Driftwood sculptures

A driftwood sculpture sports a mask and appears to be practicing social distancing Saturday evening in Joe Treat’s yard off Worline Road in Bow. Treat has spent the past several years building and displaying eye-catching sculptures made of found driftwood he collects.

BOW — If you’ve driven down Worline Road and slammed on your brakes because you swear you just passed a camel made of driftwood wearing a face mask, then you’ve seen Joe Treat’s recent handiwork.

The camel, which is practicing social distancing in a yard with an elephant and a zombie, got the mask because it’s closest to the road.

“It’s kind of a crazy yard filled with crazy art,” said the 67-year-old Treat, a semiretired insurance agent. “I just discovered I had this talent about four years ago. I did this triceratops out in my yard and it drew a lot of attention.”

So much attention that Treat soon had people knocking on his door to ask about his creations. He is currently working on a dachshund, owl and a beaver.
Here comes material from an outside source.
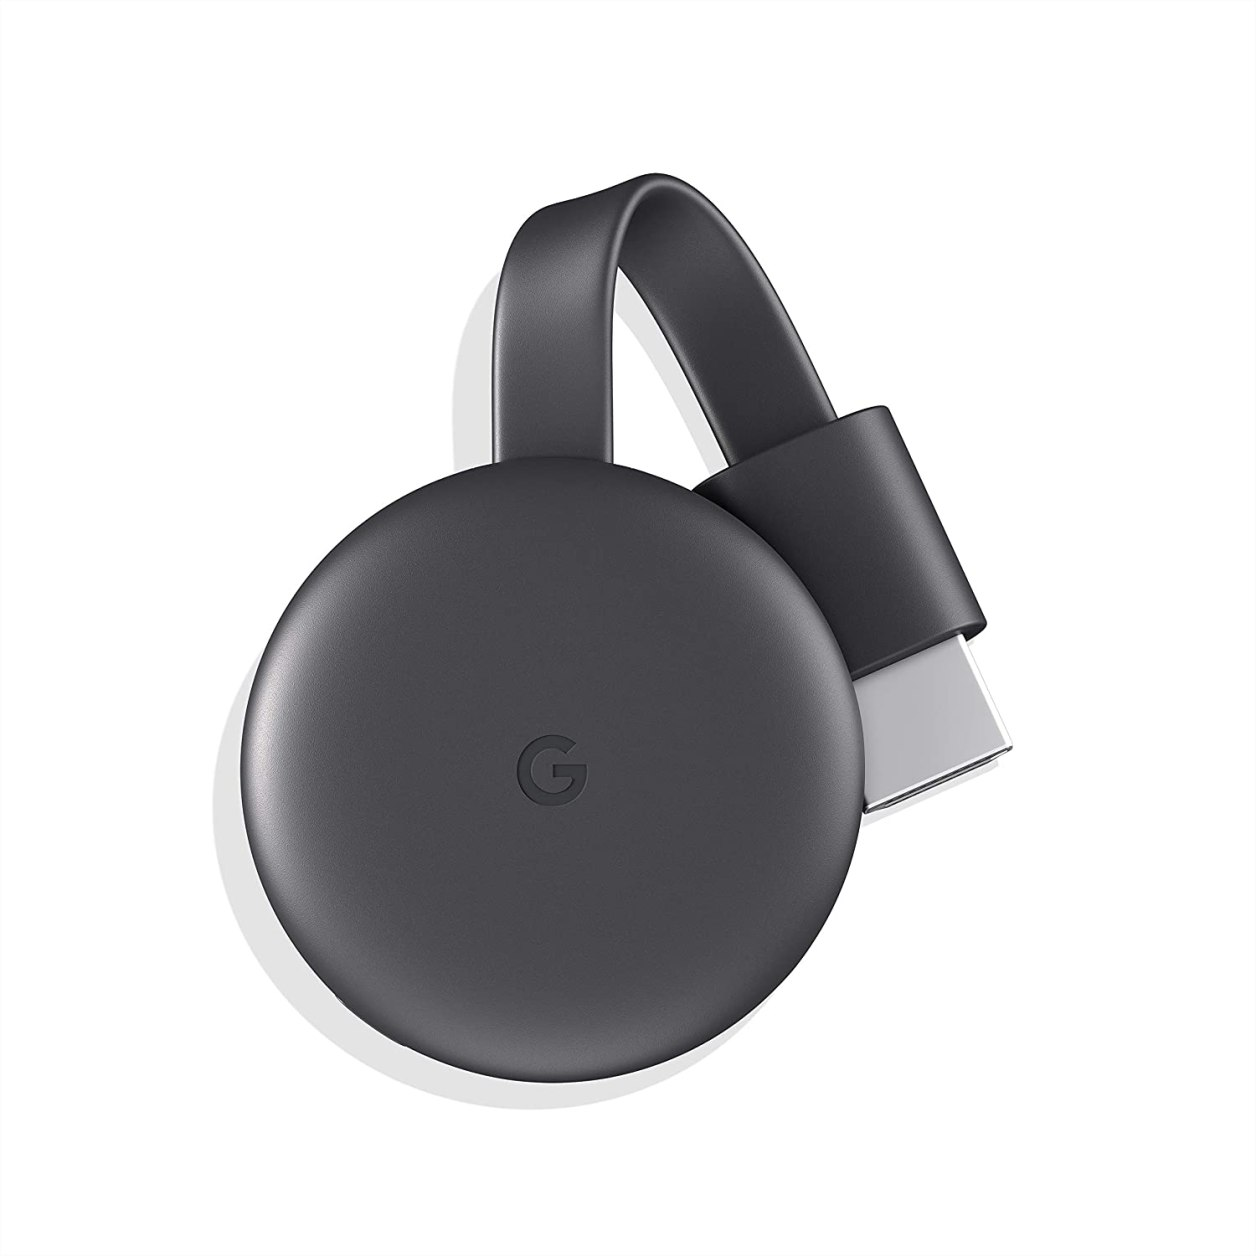 Amazon.co.jp: Google Chromecast 正規品 第三世代 2K対応 チャコール GA00439-JP: パソコン・周辺機器

Treat has produced about 51 pieces, 15 of which are prominently displayed in his front yard while others have been sold.

“I have pieces in the sculpture garden and the city of Anacortes even bought my giraffe,” he said.

His biggest work is a full-sized elephant, which was recently joined by a tyrannosaurus rex.

Treat also just finished his ninth sculpture of a heron. He uses a torch to bring out the grain in the driftwood, replicating the bird’s feathers.

Treat often begins a sculpture, then steps back for a couple of days in order to get his bearings before continuing.

“Sometimes I have to go to the beach to get some parts,” he said. “And I’ve got a big boneyard out back I can draw from.”

There is a method to his madness when it comes to piecing together his sculptures.

“Sometimes, I go out looking for arms and legs,” he said. “And sometimes, I will see a piece that just stands out.”

That was the case with the zombie. Treat found a piece of driftwood that resembled a brain, and it wasn’t long before the zombie — brain and all — was emerging from his lawn.

He often receives calls from folks with beachfront properties who offer him driftwood. He also goes high-tech, using Google Earth to zoom in on specific lengths of beach in search of material.

The process all starts with a frame — metal skeleton, complete with vertebrae — to which Treat attaches the driftwood with deck screws, or if it’s a real big project, threaded bolts.

“I’m having the time of my life right now,” Treat said. “I don’t want it to become a job. I don’t want to lose my joy.”